Understanding the Intricacies of Cash Flow Statements

Cash flow statements are a lesson in reality for many a fledgling investor.

Seeing on paper in no uncertain terms how much money is coming in and also going out is a somewhat humbling lesson for some. Yet what makes the use of this tool so utterly valuable is the fact that it specifically itemizes the various sources of cash in the same way that it assigns a line item to any cash that is paid out.

Generally speaking, an investor has the ability to generate cash flow statements on a monthly, quarterly, or yearly basis; of course, the new investor will be wise to run the reports as often as possible.
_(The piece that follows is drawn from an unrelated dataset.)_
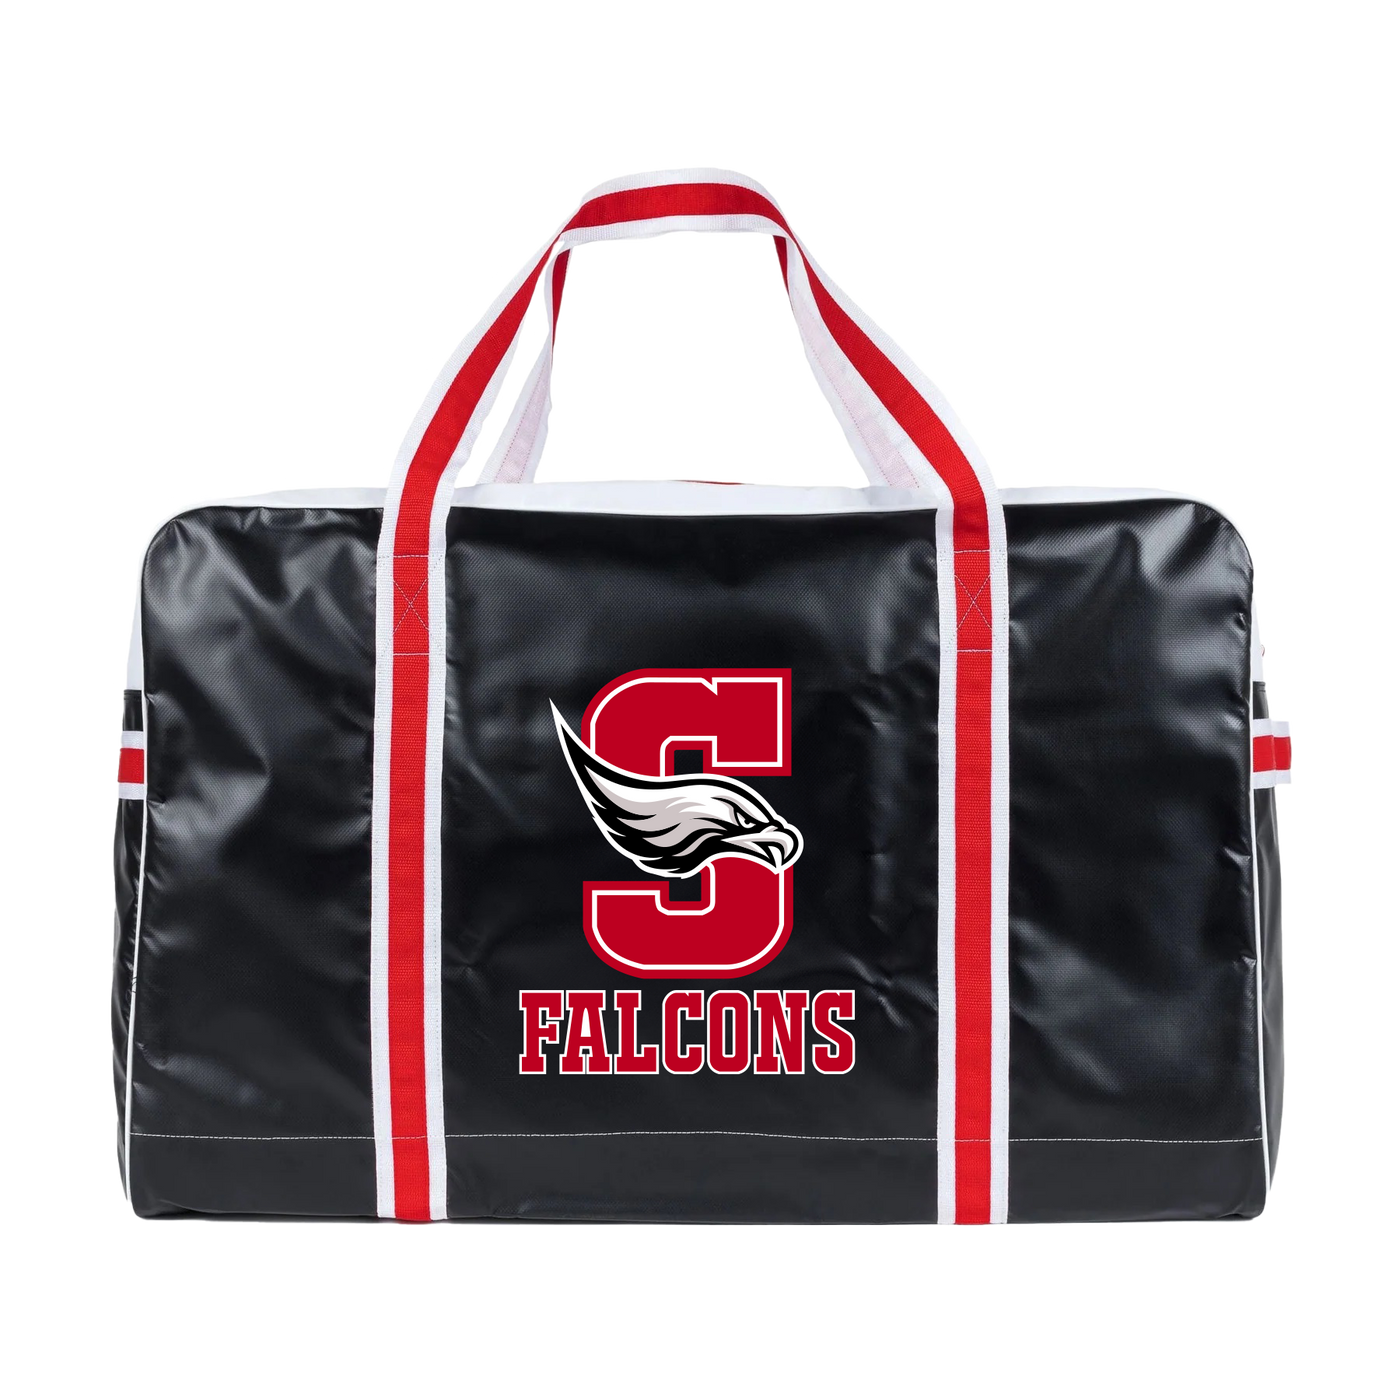 Surrey Falcons -- Warrior Intermediate Pro Carry Bag

Understanding the intricacies of cash flow statements requires you to become familiar with the basics of your business' balance sheet and its assets and liabilities. At the same time, you need to expertly designate cash and its equivalents, although small time investors sometimes choose to forego such detailed break downs in favor of a broader approach to the listing of all activities involving cash.

An example of the average very basic cash flow statement could be as follows:

  1. Determine the time period covered by the statement.
  2. List all monies received from your business. In the case of a real estate investor in multi family dwellings, this may pertain to the rent monies received from the tenants, but will not necessarily include any deposits offered, since they are not considered income.
  3. Next determine the cash that left the business. This may be due to reinvestment in the property but also any money related to the financing of the deal.
  4. As you subtract your cash expenditures from your cash income, you will be left with the increase or decrease in your overall cash flow.

What makes the generation of frequent and also periodic summary cash flow statements so valuable to the real estate investor is the fact that it provides accurate and snapshot details with respect to your overall solvency and ability to generate liquid funds if needed. Investors in future ventures you might wish to consider want to know that you will have the necessary funds to sustain any properties in which they may invest their funds.

At the same time, investors like to see that you have an eye for money making properties as opposed to misjudging the market or the neighborhood into which you are buying, thus leading them to believe it is reasonable that the latest venture you are considering may be another property that has the potential to fail to live up to your expectations and representations.

Since an integral portion of a detailed cash flow statement is the forecasting of any future cash flows - whether incoming or outgoing - this is your opportunity to shine and show off your business acumen and ability to make good money with any funds investors want to send your way.

This is also a great way to attract new investors into your pool of ready to go individuals and clubs who are prepared to put up money for your ventures.